Copyright (c) 2018 IETF Trust and the persons identified as the document authors. All rights reserved.
This document is subject to BCP 78 and the IETF Trust's Legal Provisions Relating to IETF Documents (https://trustee.ietf.org/license-info) in effect on the date of publication of this document. Please review these documents carefully, as they describe your rights and restrictions with respect to this document. Code Components extracted from this document must include Simplified BSD License text as described in Section 4.e of the Trust Legal Provisions and are provided without warranty as described in the Simplified BSD License.
From time to time, networking protocols need to be able to name things used within the protocol, and resolve the names created or referenced. Such identifiers may also need to be persistent in time, across administrative and operational realms, or other transformations. Necessary operations tend to include creating, modifying, and deleting names, and accessing values and relationships that correspond to them.
It's common for protocol designers in this predicament to attempt to use domain names as the starting point for their systems of names, and the DNS as the starting point for name resolution. This is completely understandable-- domain names, and DNS resolution, are well-established in both the expectations of network users and developers, and well-supported by fielded software.
However, there are some risks when the protocol designer attempts to re-use domain names and DNS, even (or especially) with modifications, to support a specific use case or protocol design or deployment constraint. These have been touched upon in several RFCs, and in the long history of struggles to keep evolving DNS itself and the use of domain names as new needs and constraints appear. See in particular RFC 6055 ("IAB Thoughts on Encodings for Internationalized Domain Names"), RFC 6950 ("Architectural Considerations on Application Features in the DNS"), and RFC 6943 ("Issues in Identifier Comparison for Security Purposes").

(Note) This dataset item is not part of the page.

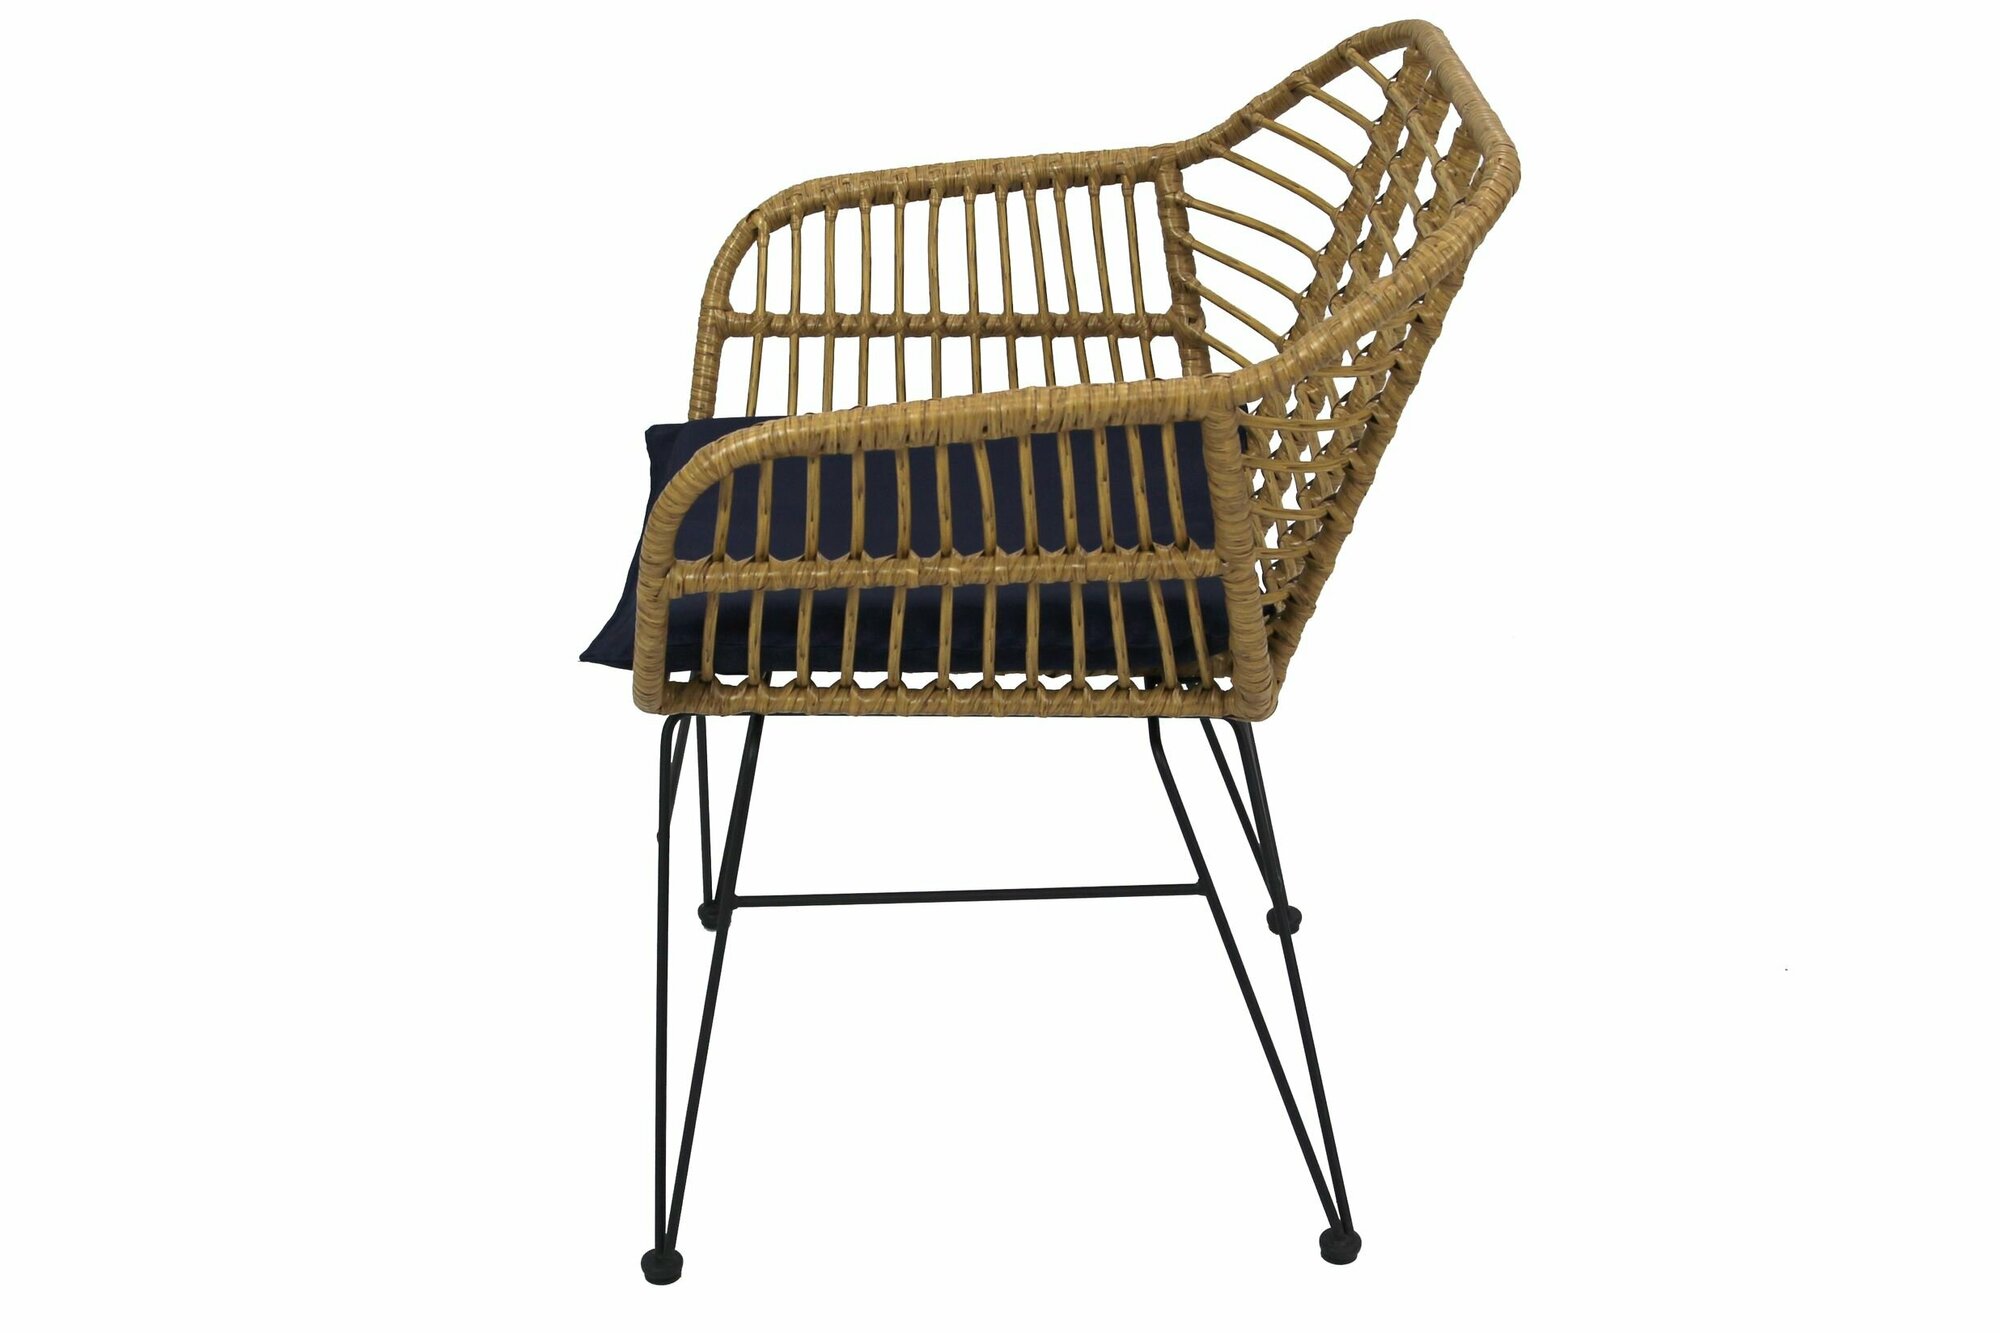 Набор садовой мебели для обеда Адриан GS008 искусственный ротанг бежевый: стол, кресла Без бренда - фото №12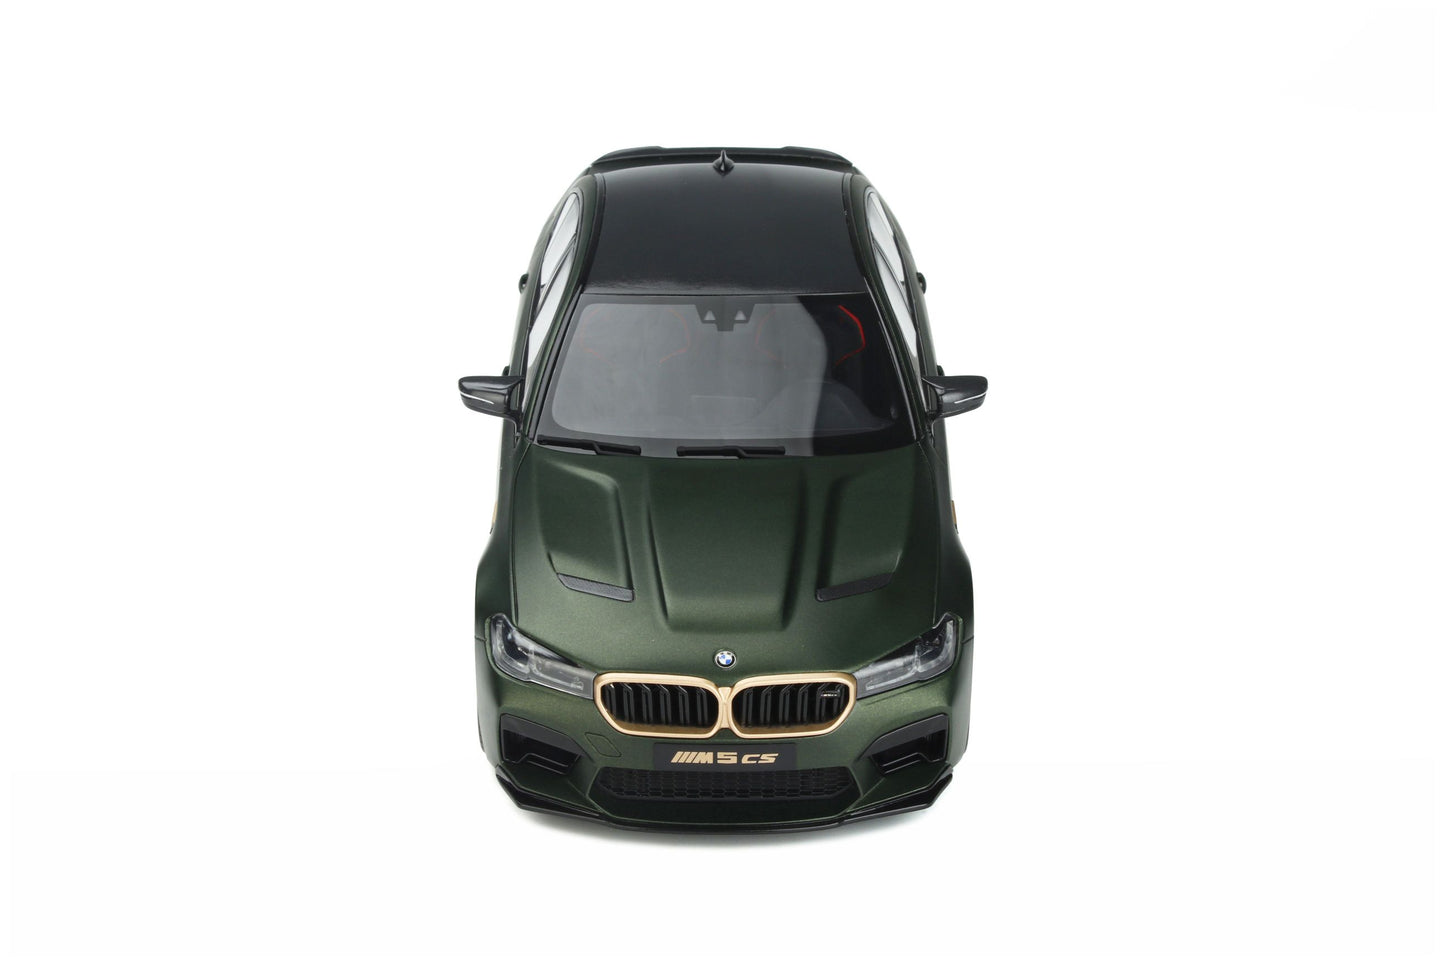 GT Spirit - BMW M5 CS (F90) (Frozen Deep Green Metallic) 1:18 Scale Model Car

Most recently, some of these questions have become prominent in the course of requests for new entries in the special use names registry as established by RFC 6761 ("Special Use Domain Names"). The topic raises contention in a number of areas, including risks of collision between different authorities and different uses of names within the abstract domain namespace, which have been considered in the DNSOP WG over the last few years and are cataloged in RFC 8244 ("Special-Use Domain Names Problem Statement") at greater length than this document will do.
This document deals principally with the questions a protocol designer or software developer should ask themselves about what behavior they want from the names they use in the context of a new protocol or scope for names. It also provides a basic framework for describing desired interactions for a naming and resolution context as part of a protocol design.
This approach is admittedly somewhat "DNS-centric," in that it's attempting to address the default assumption that domain names and DNS-like semantics are desirable or even necessarily acceptable for new naming needs. Depending to the answers to these questions, the designer may find that domain names will not meet the constraints at hand. For a different, and sometimes more comprehensive, view on some of the accumulated stresses on the DNS design, see also RFC 8324 ("DNS Privacy, Authorization, Special Uses, Encoding, Characters, Matching, and Root Structure: Time for Another Look?")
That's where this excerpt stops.